> [Task requirements] Starting at the first line of the records below, transcribe each line exactly, ending with the line that contains "FRIES Fensterwelt".

> [Task material]
----------------

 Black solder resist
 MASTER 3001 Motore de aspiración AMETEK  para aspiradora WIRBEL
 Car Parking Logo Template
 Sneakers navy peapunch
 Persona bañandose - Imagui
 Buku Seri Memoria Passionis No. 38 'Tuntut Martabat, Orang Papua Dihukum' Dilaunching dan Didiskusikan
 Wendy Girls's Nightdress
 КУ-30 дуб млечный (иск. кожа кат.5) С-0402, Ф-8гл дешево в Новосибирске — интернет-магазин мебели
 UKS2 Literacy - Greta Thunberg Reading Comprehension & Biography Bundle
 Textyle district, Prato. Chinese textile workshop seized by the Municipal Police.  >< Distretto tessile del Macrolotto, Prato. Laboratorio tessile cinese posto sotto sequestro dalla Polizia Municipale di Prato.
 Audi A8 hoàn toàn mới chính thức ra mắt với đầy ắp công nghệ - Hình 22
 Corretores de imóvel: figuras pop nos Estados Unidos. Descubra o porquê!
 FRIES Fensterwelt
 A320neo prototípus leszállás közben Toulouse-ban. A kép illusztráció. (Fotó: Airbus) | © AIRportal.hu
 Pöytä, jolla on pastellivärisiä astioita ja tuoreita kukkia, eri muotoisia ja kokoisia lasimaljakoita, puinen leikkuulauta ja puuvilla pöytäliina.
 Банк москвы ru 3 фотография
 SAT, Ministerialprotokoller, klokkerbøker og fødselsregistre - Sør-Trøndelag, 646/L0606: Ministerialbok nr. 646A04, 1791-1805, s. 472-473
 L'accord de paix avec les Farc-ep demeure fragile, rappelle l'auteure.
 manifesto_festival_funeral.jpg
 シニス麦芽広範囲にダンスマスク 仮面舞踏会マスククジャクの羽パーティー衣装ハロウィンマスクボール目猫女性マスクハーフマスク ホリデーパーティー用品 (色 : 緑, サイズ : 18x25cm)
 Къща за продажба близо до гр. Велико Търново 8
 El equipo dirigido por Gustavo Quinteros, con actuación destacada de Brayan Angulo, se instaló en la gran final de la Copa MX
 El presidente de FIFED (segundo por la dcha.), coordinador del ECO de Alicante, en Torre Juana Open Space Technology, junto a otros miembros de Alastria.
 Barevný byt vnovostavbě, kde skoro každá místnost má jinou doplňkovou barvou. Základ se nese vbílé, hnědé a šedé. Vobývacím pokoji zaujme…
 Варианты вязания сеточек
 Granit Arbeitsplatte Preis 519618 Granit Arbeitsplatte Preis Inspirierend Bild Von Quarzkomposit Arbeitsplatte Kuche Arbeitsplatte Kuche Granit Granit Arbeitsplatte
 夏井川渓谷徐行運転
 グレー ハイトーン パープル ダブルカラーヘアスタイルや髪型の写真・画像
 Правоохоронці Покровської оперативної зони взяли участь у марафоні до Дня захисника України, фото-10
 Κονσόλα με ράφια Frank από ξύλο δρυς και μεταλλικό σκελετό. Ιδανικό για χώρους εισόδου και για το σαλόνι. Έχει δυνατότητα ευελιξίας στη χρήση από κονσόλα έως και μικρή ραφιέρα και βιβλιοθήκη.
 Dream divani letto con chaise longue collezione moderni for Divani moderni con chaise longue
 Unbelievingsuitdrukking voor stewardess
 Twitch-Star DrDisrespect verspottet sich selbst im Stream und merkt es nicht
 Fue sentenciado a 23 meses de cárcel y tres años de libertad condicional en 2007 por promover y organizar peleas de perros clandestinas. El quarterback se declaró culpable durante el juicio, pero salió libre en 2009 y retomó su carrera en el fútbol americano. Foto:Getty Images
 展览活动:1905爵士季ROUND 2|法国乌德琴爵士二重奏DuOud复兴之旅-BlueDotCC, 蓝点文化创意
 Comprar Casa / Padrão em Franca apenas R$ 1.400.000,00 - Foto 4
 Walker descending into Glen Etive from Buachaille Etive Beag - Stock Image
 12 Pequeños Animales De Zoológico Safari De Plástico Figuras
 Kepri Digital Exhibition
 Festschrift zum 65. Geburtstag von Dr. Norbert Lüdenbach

----------------

> [Reply to the exercise]
 Black solder resist
 MASTER 3001 Motore de aspiración AMETEK  para aspiradora WIRBEL
 Car Parking Logo Template
 Sneakers navy peapunch
 Persona bañandose - Imagui
 Buku Seri Memoria Passionis No. 38 'Tuntut Martabat, Orang Papua Dihukum' Dilaunching dan Didiskusikan
 Wendy Girls's Nightdress
 КУ-30 дуб млечный (иск. кожа кат.5) С-0402, Ф-8гл дешево в Новосибирске — интернет-магазин мебели
 UKS2 Literacy - Greta Thunberg Reading Comprehension & Biography Bundle
 Textyle district, Prato. Chinese textile workshop seized by the Municipal Police.  >< Distretto tessile del Macrolotto, Prato. Laboratorio tessile cinese posto sotto sequestro dalla Polizia Municipale di Prato.
 Audi A8 hoàn toàn mới chính thức ra mắt với đầy ắp công nghệ - Hình 22
 Corretores de imóvel: figuras pop nos Estados Unidos. Descubra o porquê!
 FRIES Fensterwelt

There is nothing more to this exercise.